Another point, since we're not even calling backward on val_loss, we could switch off autograd on this part.



PyTorch allows us to switch off autograd when we don't need it, using the torch.no_grad context manager.


We can make sure by checking the value of the requires_grad attribute on the val_loss tensor.

In [None]:
# In[16]:
def training_loop(n_epochs, optimizer, params, train_t_u, val_t_u,
                  train_t_c, val_t_c):
    for epoch in range(1, n_epochs + 1):
        train_t_p = model(train_t_u, *params)
        train_loss = loss_fn(train_t_p, train_t_c)
        
        with torch.no_grad():
            val_t_p = model(val_t_u, *params)
            val_loss = loss_fn(val_t_p, val_t_c)
            assert val_loss.requires_grad == False
        
        optimizer.zero_grad()
        train_loss.backward()
        optimizer.step()



Using the related set_grad_enabled context, we can also condition the code to run with autograd enabled or disabled, according to a Boolean expression.
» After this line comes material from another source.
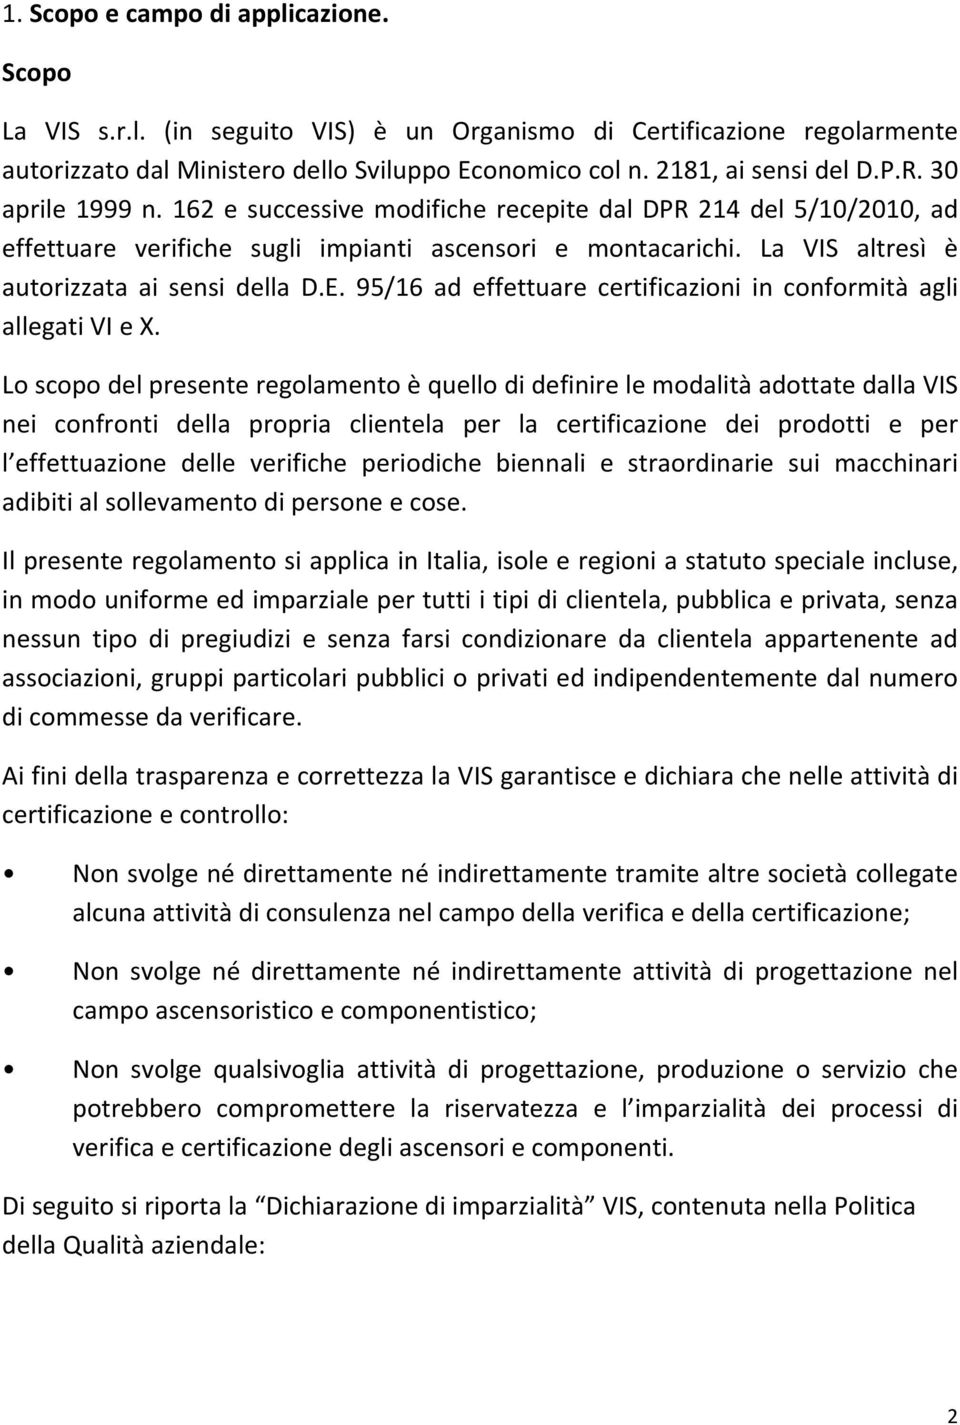 95/16 ad effettuare certificazioni in conformità agli allegati VI e X.

We could define a calc_forward function that takes data as input and runs model and loss_fn with or without autograd according to a Boolean is_train argument.

In [None]:
# In[17]:
def calc_forward(t_u, t_c, is_train):
    with torch.set_grad_enabled(is_train):
        t_p = model(t_u, *params)
        loss = loss_fn(t_p, t_c)
    return loss

## 5.6 Conclusion

*   A model can be optimized to fit the data.
*   Linear models are the simplest reasonable model to use to fit data.
*   Data is often split into separate sets of training samples and validation samples.